Binden auf der Bending Feathers: Gray Ghost und Co.
Seit vielen Jahren habe ich eine Schwäche für klassische Streamer aus New England. In ihrer teilweise recht farbenfrohen Erscheinungsform mit Jungle Cock Federn als Wange oder Auge ähneln sie ein wenig den aufwändig gebundenen traditionellen Featherwing Salmon Flies. Eine Pionierin dieses Bindestils war die Hutmacherin Carrie Stevens. Sie lebte in der ersten Hälfte des letzten Jahrhunderts mit ihrem Ehemann Wally Stevens, einem professionellen Fishing-Guide, in der Rangeley Lake Region in Maine, damals wie heute ein beliebtes Angel- und Jagdgebiet für die Erholung suchenden Einwohner der großen Städte an der Ostküste der USA. Ihre bekannteste Kreation war sicher der Gray Ghost, ein Streamer der heute noch in mancher Fliegendose zu finden ist. Allerdings stellt sich die Frage, ob diese Muster immer auch korrekt gebunden wurden. Beim Binden wandte Mrs. Stevens nämlich gerne einen besonderen und entscheidenden Trick an: Die Hauptschwinge und die darübergelegte Schulterfeder klebte sie zuerst extern zusammen und band diese fertigen „Module“ im letzten Bindeabschnitt nicht oben auf den Hakenschenkel, sondern seitlich ein.
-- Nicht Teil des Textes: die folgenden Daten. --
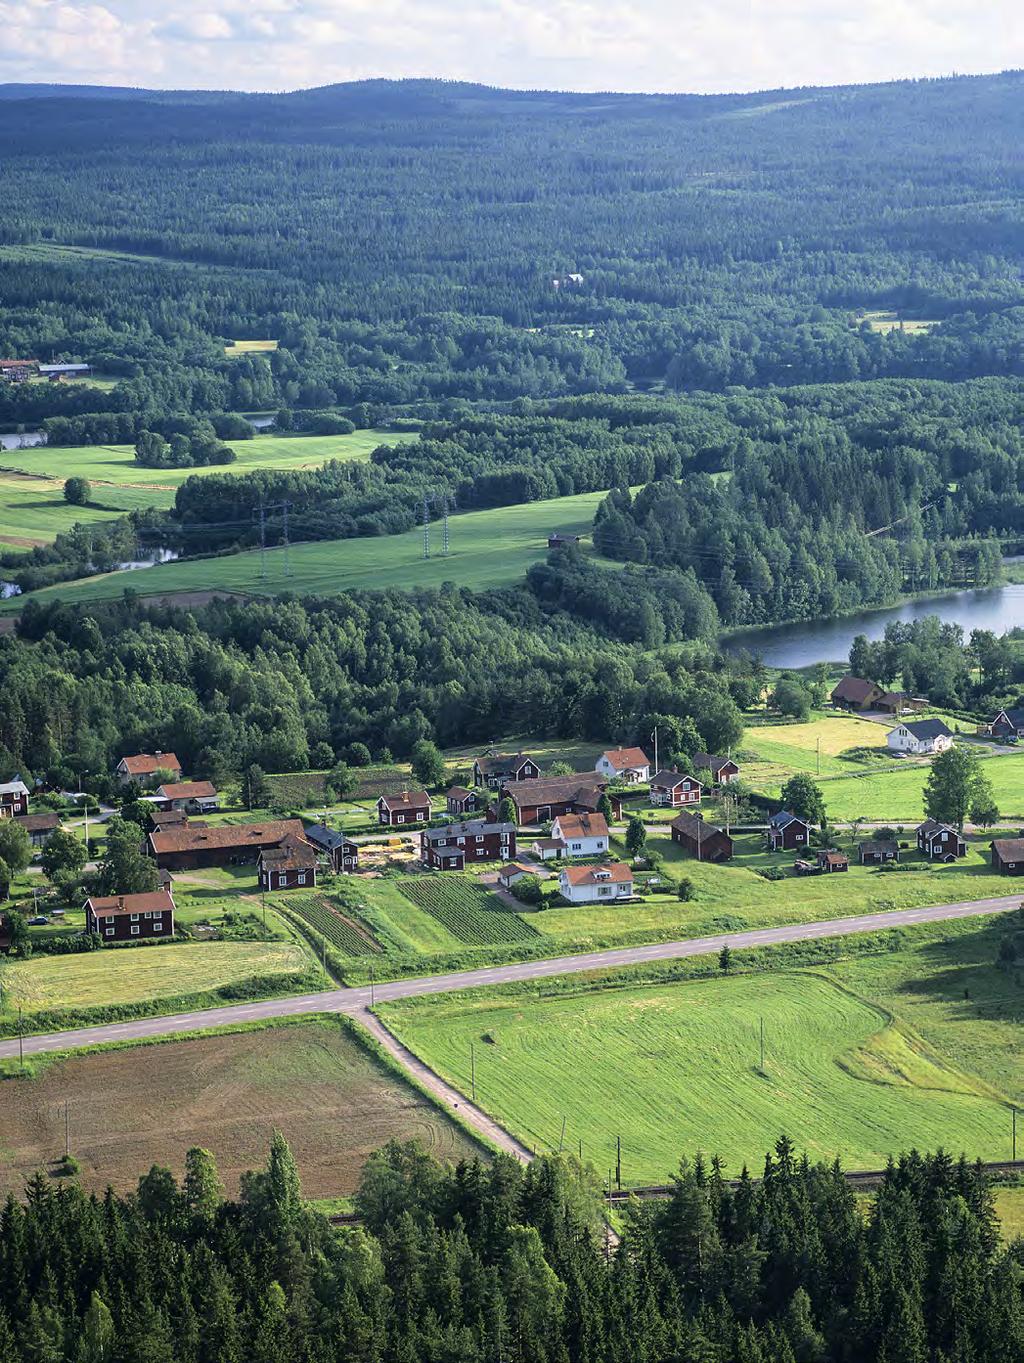 Samhälle Med ansvar för lokalsamhället Spendrups spelar en betydande roll för samhällsutvecklingen i Dalarna och Bergslagen generellt och i Grängesberg och Hällefors i synnerhet.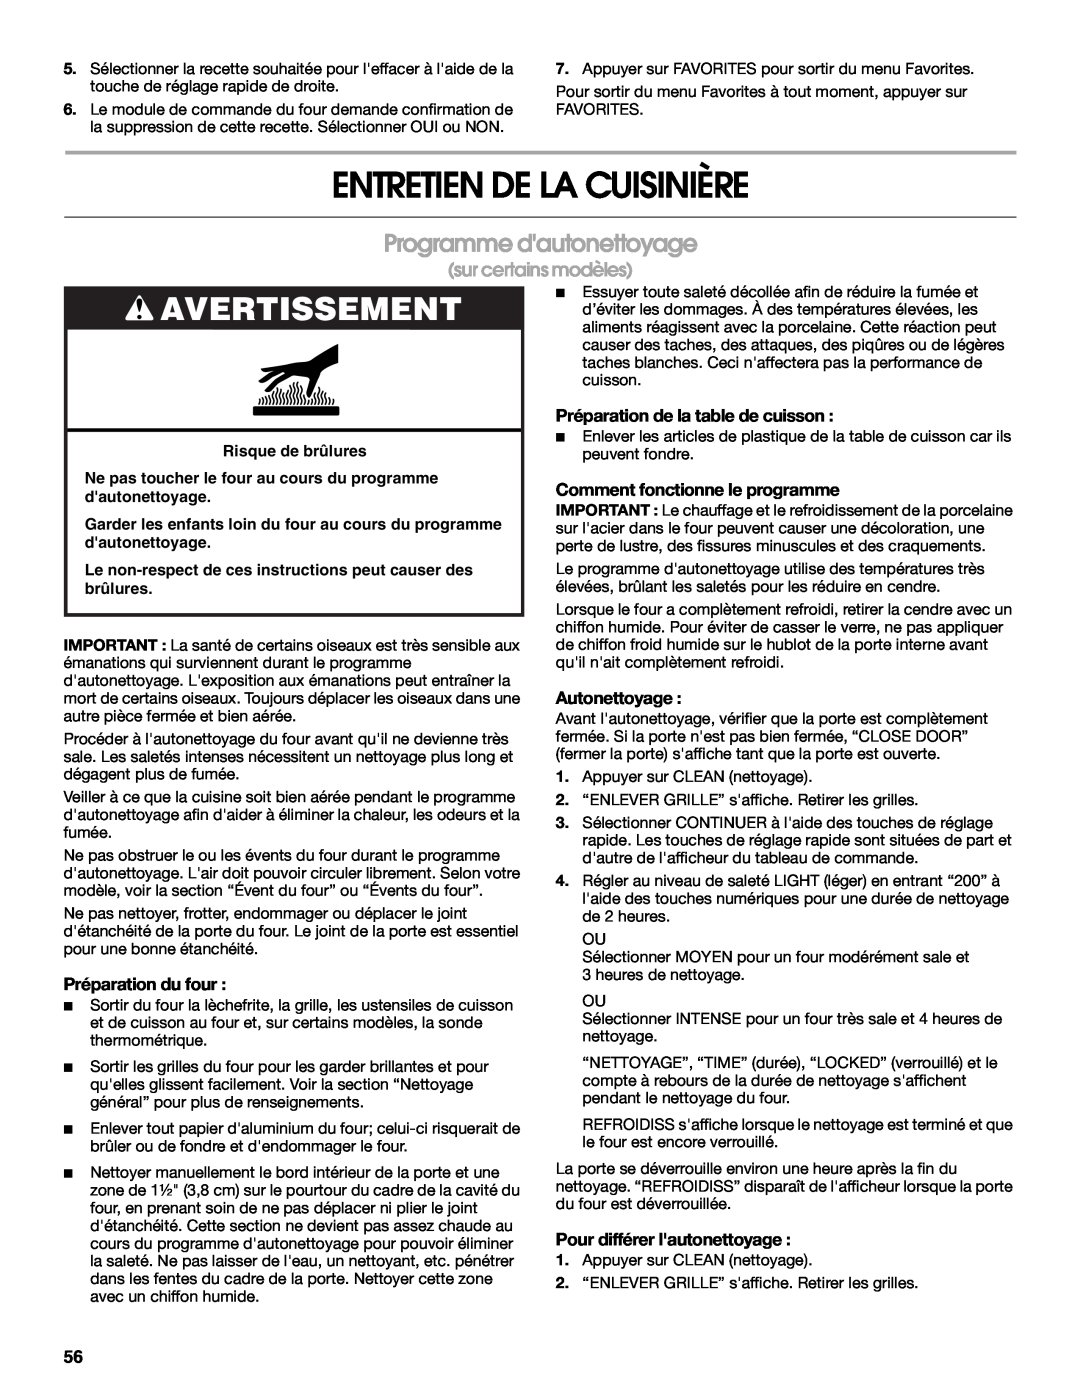 Jenn-Air JDS9865 Entretien De La Cuisinière, Programme dautonettoyage, Avertissement, sur certains modèles, Autonettoyage

Das ergab ein sehr stromlinienförmiges Muster und somit die gelungene Imitation eines schlanken Kleinfisches.
Eine ganze Reihe von Fliegenbindern hat diesen Bindestil in der Folge übernommen, weiterentwickelt und eigene Kreationen hervorgebracht. Das Schöne daran: Auch heute noch kann jeder eigene Versionen entwickeln. Traditionelle, natürliche Materialien dürfen mit modernen, künstlichen ergänzt werden. Ein paar integrierte glitzernde Flash-Fäden spielen im Wasser besonders schön und erzeugen attraktive Lichtreflexe. Ob die Erscheinungsform des Streamers nun eher imitativ ist oder in Richtung eines bunten „Attractors“ geht, die Fische werden ihn interessant finden. Ich selbst hatte schon vor etwa 30 Jahren mein besonderes Erfolgserlebnis. Auf dem Lough Mask, im Westen Irlands, schleppte ich zum ersten Mal eine selbstgebundene Variante des Gray Ghost bei langsam laufendem Außenbordmotor hinter dem Boot her. Tatsächlich schlug irgendwann die Rute aus und nach einem ziemlich heftigen Drill durfte ich eine 3-Kilo Brown Trout an Bord holen. Die zweitgrößte wilde Forelle, die ich je gefangen hatte. Ich sah das als durchaus gelungene Einführung dieser Streamerart an…
Bei der Herstellung dieser Muster kann man sich an die Vorbilder halten oder die eigene Phantasie spielen lassen. Es gibt reichlich Entfaltungsraum zum Experimentieren und garantiert jede Menge Bindespaß. Während Bending Feathers zeige ich Ihnen gerne verschiedene Beispiele in der Bindeweise von Carrie Stevens.